WORK TO COMPLETE: Once you find the line containing "Federal Antique 1825" in the data below, copy it and each following line exactly, up to and including the line containing "Tilbud på Carl", and nothing else.

RECORDS FOR THIS EXERCISE:
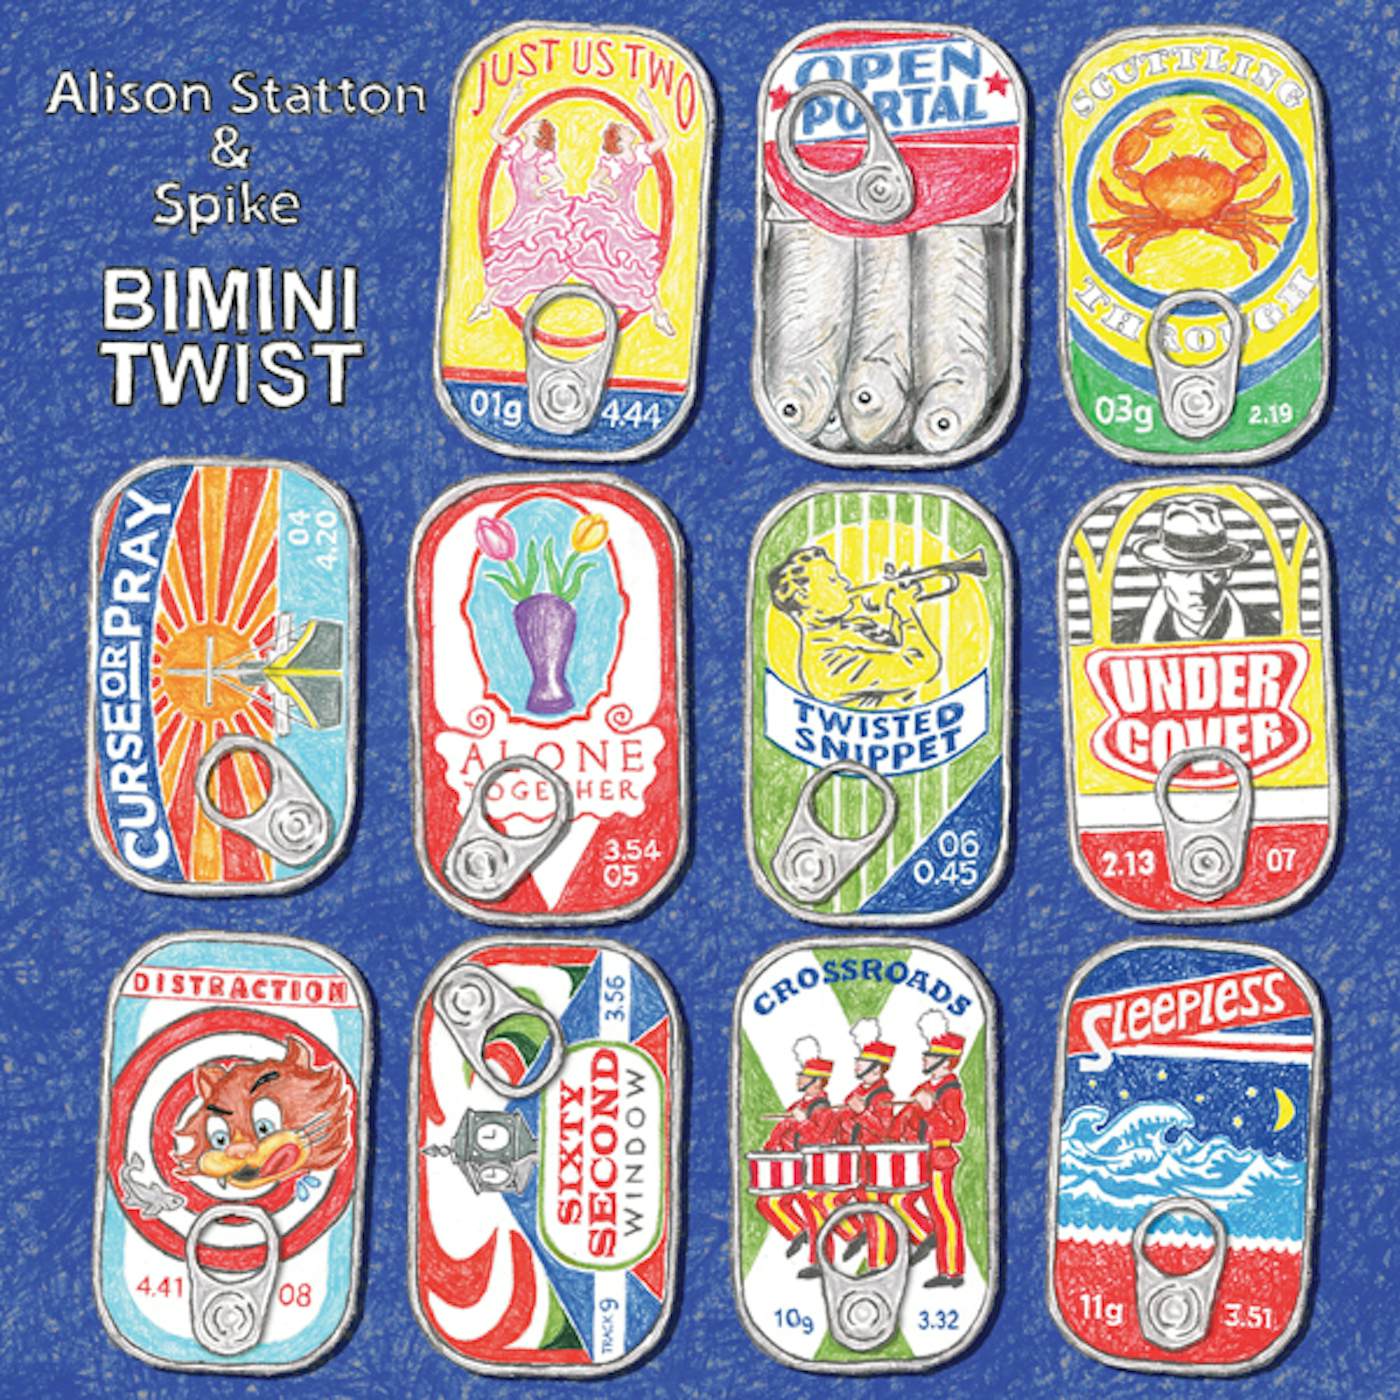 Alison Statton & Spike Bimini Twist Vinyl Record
---
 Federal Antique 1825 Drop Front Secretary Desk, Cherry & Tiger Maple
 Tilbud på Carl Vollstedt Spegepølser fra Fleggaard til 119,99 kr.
--
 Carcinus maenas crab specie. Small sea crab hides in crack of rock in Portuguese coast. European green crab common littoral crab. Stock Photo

ANSWER FOR THE TASK:
 Federal Antique 1825 Drop Front Secretary Desk, Cherry & Tiger Maple
 Tilbud på Carl Vollstedt Spegepølser fra Fleggaard til 119,99 kr.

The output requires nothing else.